- [TASK ITEM]:
Please repeat every entry exactly as given, apart from dropping the images.

[Excerpts from a dataset]
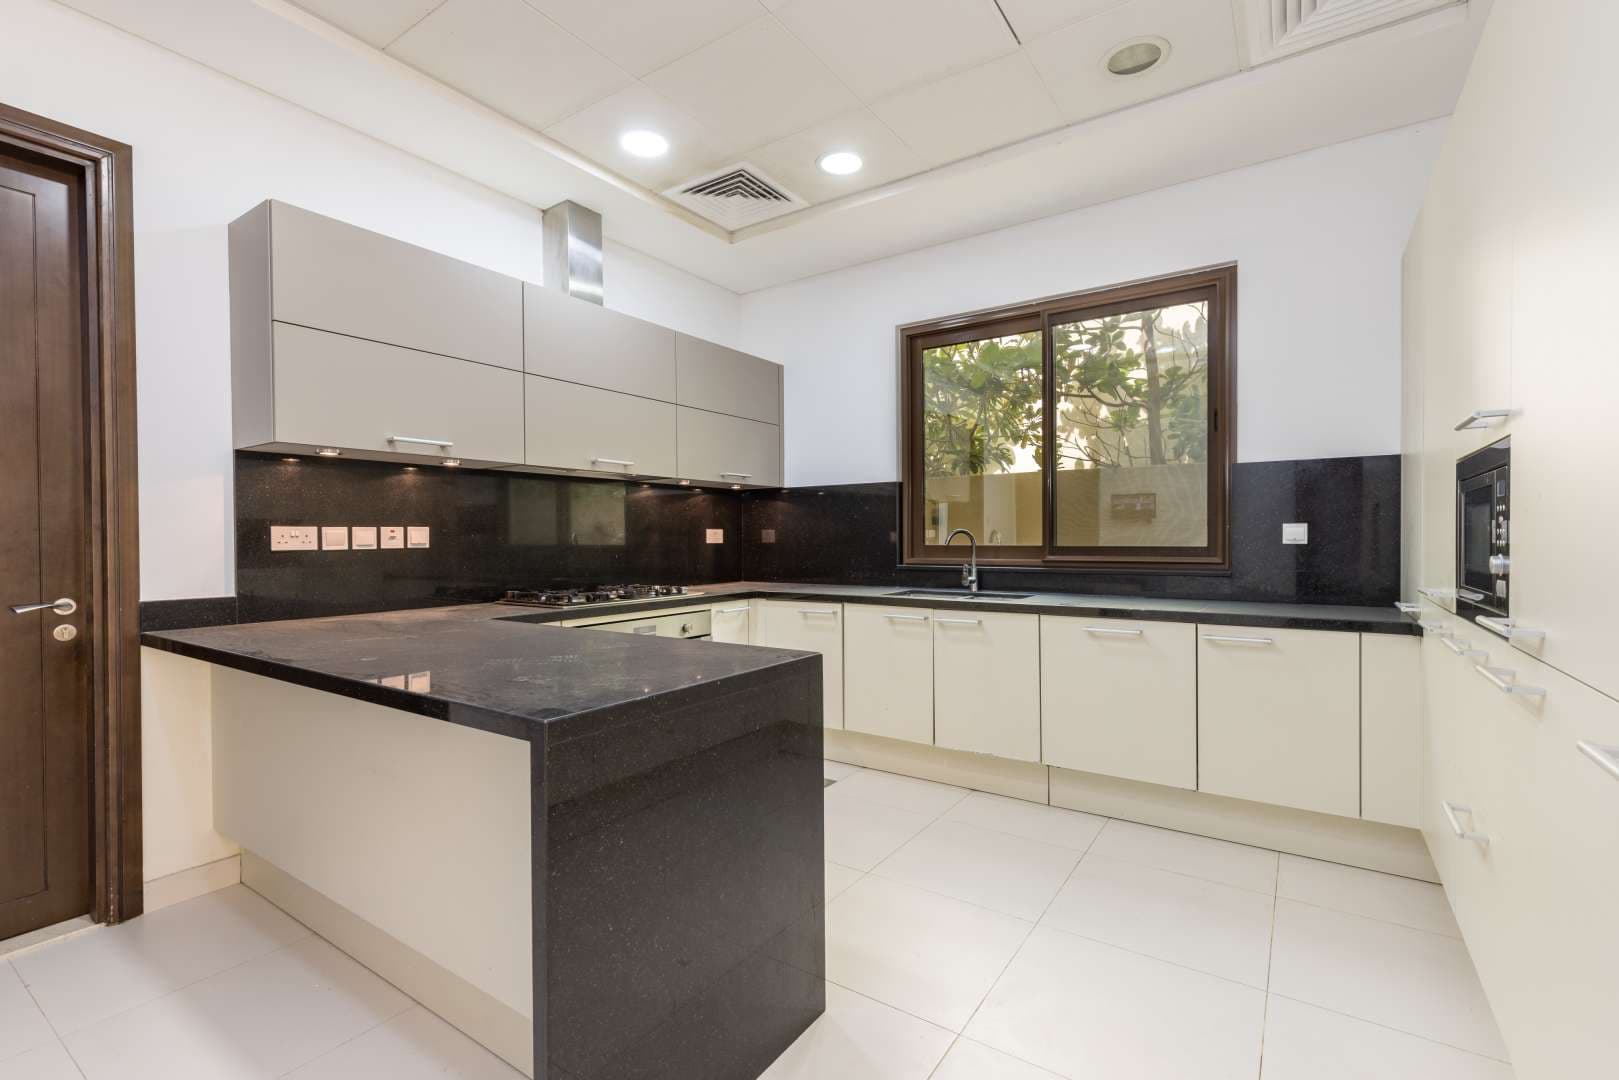 5 Bedroom Villa For Sale Meydan Gated Community Lp11612 17dfddda06d60b00.jpg
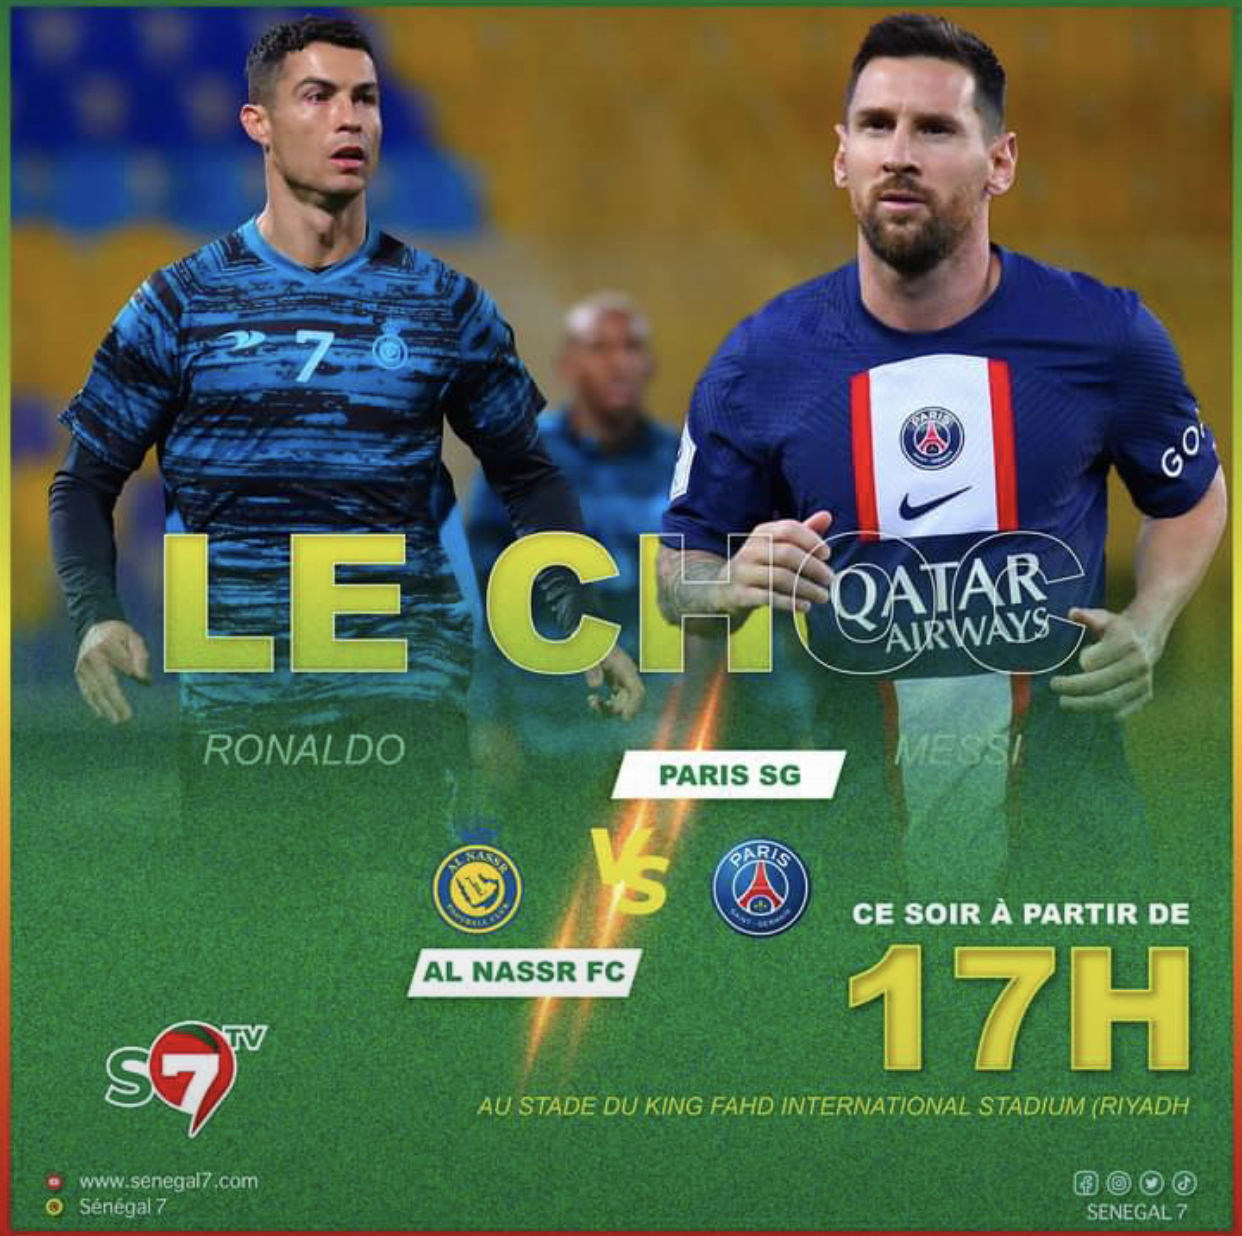 Le choc Al Nasr contre PSG ce soir à 17h. Ronaldo vs Messi l’ultime affrontement probablement
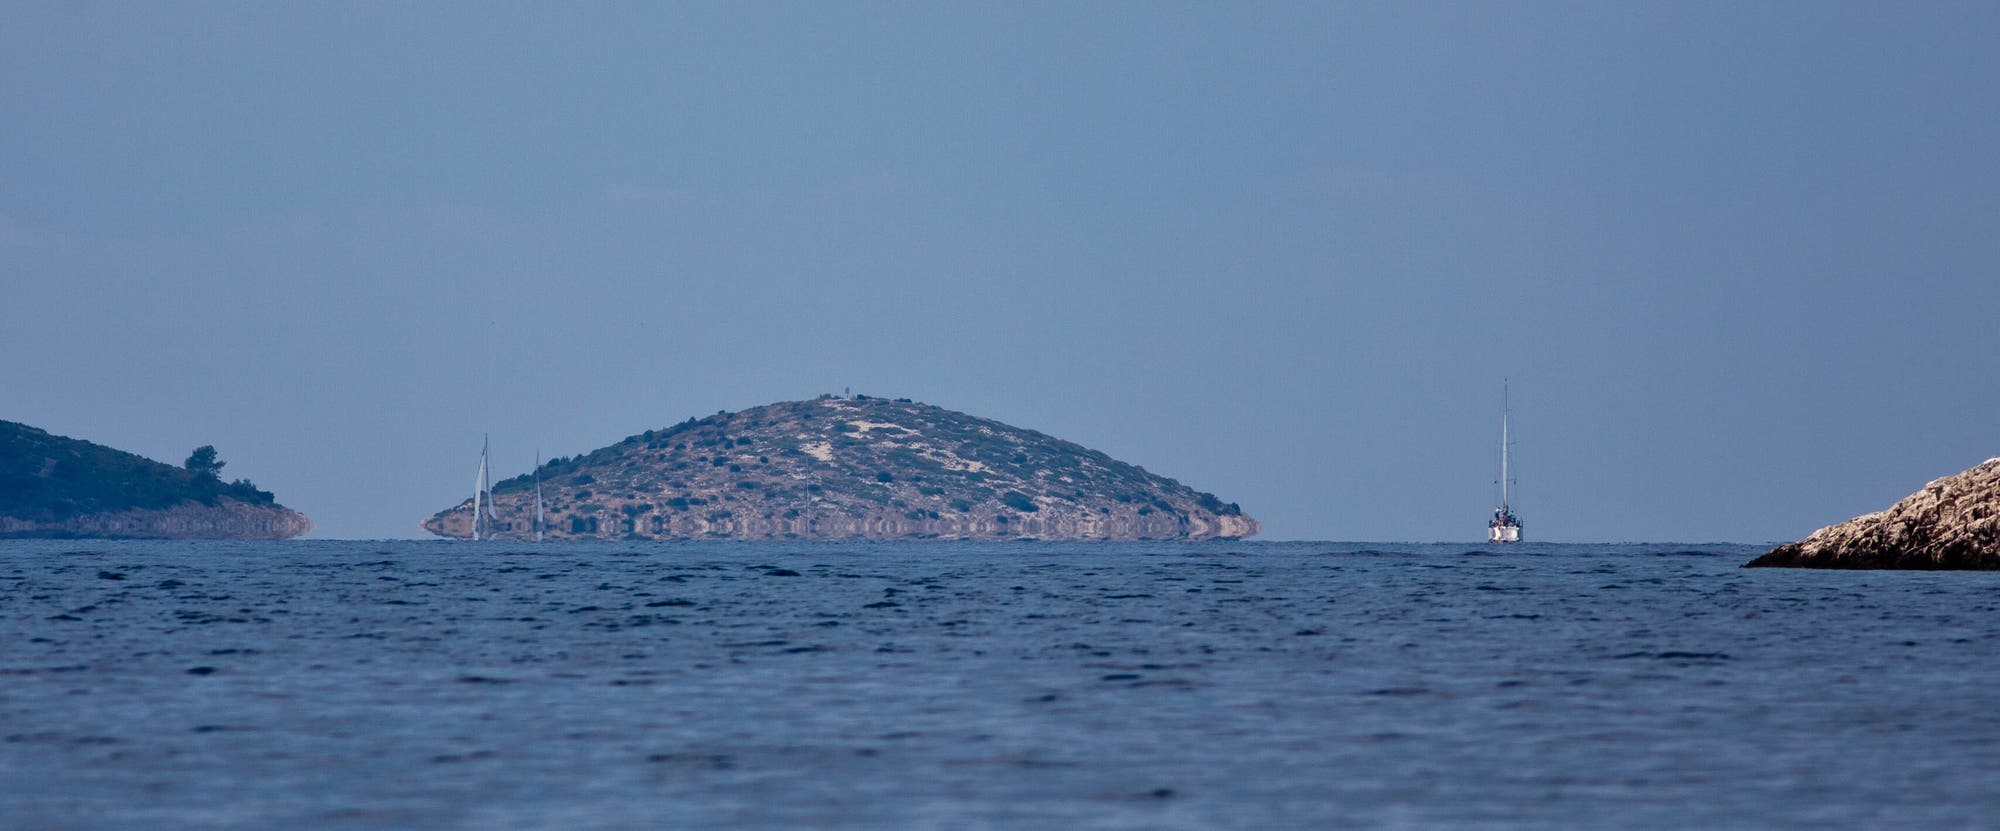 Luftspiegelungen bei der Insel Rava, Kroatien
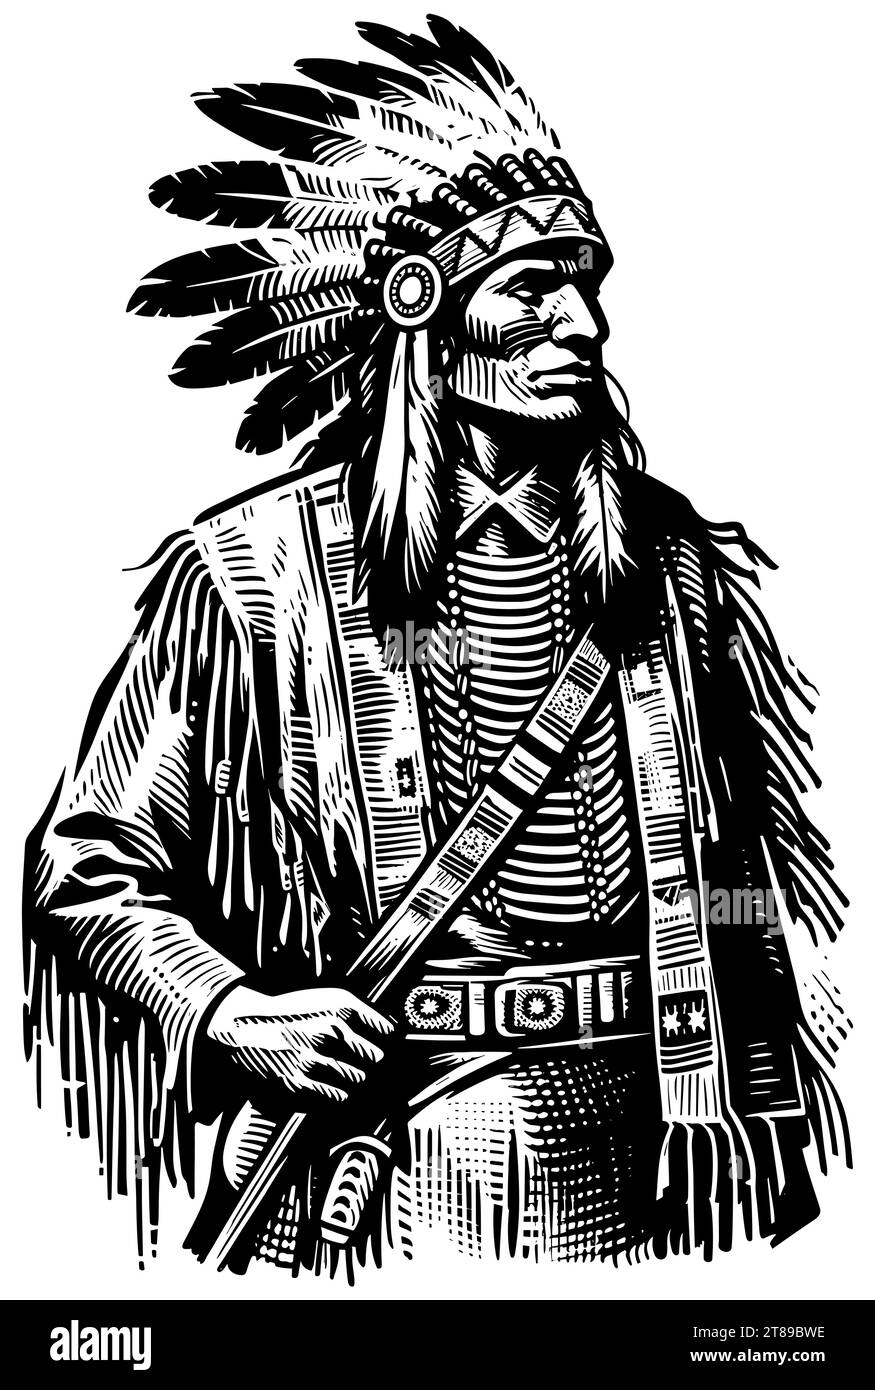 Linolschnitt-Illustration eines Häuptlings der Ureinwohner in traditioneller Kleidung mit gefiedertem Kopfschmuck. Stock Vektor
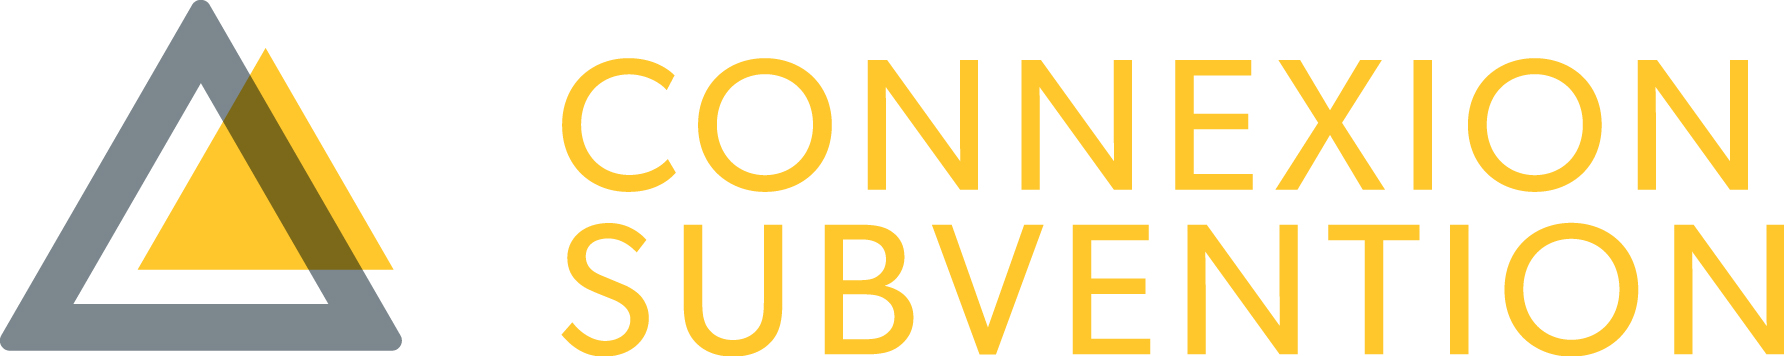 Logo connexion subvention colour

- [RESULT BELOW]:
 5 Bedroom Villa For Sale Meydan Gated Community Lp11612 17dfddda06d60b00.jpg
 Le choc Al Nasr contre PSG ce soir à 17h. Ronaldo vs Messi l’ultime affrontement probablement
 Luftspiegelungen bei der Insel Rava, Kroatien
 Linolschnitt-Illustration eines Häuptlings der Ureinwohner in traditioneller Kleidung mit gefiedertem Kopfschmuck. Stock Vektor
 Logo connexion subvention colour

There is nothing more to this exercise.